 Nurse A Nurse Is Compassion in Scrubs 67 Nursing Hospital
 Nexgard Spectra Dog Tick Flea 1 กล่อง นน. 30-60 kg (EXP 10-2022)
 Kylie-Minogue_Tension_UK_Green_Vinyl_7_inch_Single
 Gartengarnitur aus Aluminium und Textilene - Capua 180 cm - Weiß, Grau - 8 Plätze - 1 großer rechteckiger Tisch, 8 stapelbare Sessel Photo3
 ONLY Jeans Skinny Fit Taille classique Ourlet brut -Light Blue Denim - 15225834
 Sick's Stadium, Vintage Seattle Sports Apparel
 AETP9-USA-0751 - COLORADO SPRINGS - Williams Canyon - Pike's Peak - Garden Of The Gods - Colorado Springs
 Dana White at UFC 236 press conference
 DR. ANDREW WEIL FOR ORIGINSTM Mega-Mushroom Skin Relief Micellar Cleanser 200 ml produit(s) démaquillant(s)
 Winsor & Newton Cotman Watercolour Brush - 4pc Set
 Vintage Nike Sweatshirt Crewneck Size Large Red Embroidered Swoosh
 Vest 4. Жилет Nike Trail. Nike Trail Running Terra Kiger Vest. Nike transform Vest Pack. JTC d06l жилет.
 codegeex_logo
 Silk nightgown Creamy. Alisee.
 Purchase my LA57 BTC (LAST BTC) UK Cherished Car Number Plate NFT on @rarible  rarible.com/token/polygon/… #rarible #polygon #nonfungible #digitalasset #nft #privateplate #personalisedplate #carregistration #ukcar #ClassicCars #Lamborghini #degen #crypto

▸ Activity:
Return each full line of the entries that contains the word "Nike".

▸ Result for this task:
 Vintage Nike Sweatshirt Crewneck Size Large Red Embroidered Swoosh
 Vest 4. Жилет Nike Trail. Nike Trail Running Terra Kiger Vest. Nike transform Vest Pack. JTC d06l жилет.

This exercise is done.